In late October 2010 at 36 yrs old, I was diagnosed basically by accident with rectal cancer, at the time stage 3a. I have had chemo, radiation with chemo, and more chemo. I also have had 4 surgeries since. 4/2011. The last 2 surgeries 5/2012 and 6/2013 were not cancer related and were to fix adhesions and scars left behind. I have been cancer free since the first surgery and my treatments were considered a success. It has been discovered that i do however have Lynch Symdrome, which is essentially a gene that causes colon, rectal, kidney, bladder, and all gynecological cancers ( had total hysterectomy with first surgery). I am under constant surveillance so if I do get cancer again most likely they will find it early.
When I was diagnosed my boys were just 5 & 2 they have been through alot. This last surgery has been a dooseye. I have been hospitalized 3 different times with complications, this last one on 7/2 being super scary. I had an abcess burst in my bowel causing a systemic infection. I was in the hospital for 8 days with several talks of ICU. My Doctor is @ Sloan Kettering in NYC so when he says ICU it is very scary. I have NEVER been that sick before EVER!
Thisnmorning by now 8 year old woke up inconsolable. Hysterical crying saying that he dreamed I went back to the hospital and died. I do not know what to tell him???? I feel much better. I held him both of us crying. Telling him I am here and better and not to worry. I do not truly know what he understands about death but both of my parents are deceased so I know he has some understanding.
My question is what would you do? Have I done enough? The thought of him crying for me is killing me. I don't want him to be scared. Thanks in advance.
 
Very sad for your son. I would ask him what he knows and decide what he understands. I have a 9yo and they understand a lot but misinterpret a lot as well. If he saw you really ill and saw someone else really ill and died then he is making an association. I would also limit tv, games etc that may have some morbidity. Even the Disney ones because a parent dies in a lot of them! Hugs to you and keep hugging him.
 
I would ask your Dr or the hospital to recommend a social worker or therapist for your family to talk to. You've all been through a lot and I think this would be a good thing for you.
 
This just breaks my heart for you and your son! :hug:

I would just continue to reassure him that you are feeling much better and that you love him very much. I don't know if you are a person of faith or not, so how I would probably handle this with my kids might be different then you would. I do think that getting some counseling might help. 8 is so young and yet, it isn't.. My oldest is 8 and while she is still my little girl, I'm often amazed at how much she understands and grasps some very grown up concepts.
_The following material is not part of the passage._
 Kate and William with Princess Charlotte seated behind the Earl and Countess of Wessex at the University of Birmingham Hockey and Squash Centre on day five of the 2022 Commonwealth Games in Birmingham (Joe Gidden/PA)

I am so thankful that your cancer treatment was successful and will pray that it does not EVER come back!
 

Aww, hugs to you and your kids.

I agree with what has already been posted. I would just try and reassure them that you are feeling better and try to ease their anxiety. I also would tell them that they could come to you and ask any questions they might have. Sometimes kids don't ask questions and just worry. Remind them often if you sense them worrying. If you are truly feeling well, Maybe make a point in saying how good you feel. It may help them to hear it without them asking...

Good luck and I hope you continue to be cancer free.
 
I agree with what everyone else has said, but want to add.
Some kids are upset by the uncertainty of what would happen to them if something happened to you. Sometimes it is comforting for these kids to know what the plan is if something should happend to the parents.
My DD went through something like that, and once she knew where she would go and who would take care of her she was able to focus on other things.
 
I honestly think you need a counsellor for him, and for your entire family. Big hugs to you! I am praying that you stay healthy!!!
 
Hugs to you both! This must be one of the hardest parts of your illness. First, I would be totally honest, but very careful to only answer what he is really asking. Those answer are going to depend on where your faith lies and what background he has for belief. If you know your long term prognosis, I would share that, but some people would not share that with a child. Share your thoughts with your child as far as how you feel about fighting for your life. But most important, assure your child he will ALWAYS be cared for. No matter what,children are still egocentric and it comes back to them....just the way they are wired! He needs to know when you are in the hospital, dad or aunt Marry or whomever, will take care of them. If you can not care for them, let them know who will and reassure them they will be fine. If you are a Christian share your thoughts on heaven with them. If, not share what you do believe. Consider asking a leader of your faith to talk with your child. Prayers for EVERYONE.
 
My question is what would you do? Have I done enough? The thought of him crying for me is killing me. I don't want him to be scared. Thanks in advance.

I think this is too big an issue for this forum. Talk to the social worker at your hospital, your oncologist and/or your child's school and get recommendations for you to see a family therapist.

Truthfully, your son has a right to cry for you and there is plenty to be scared about. It doesn't help to try to take those feelings away. He needs help to deal with those feelings. Probably the rest of your family does too.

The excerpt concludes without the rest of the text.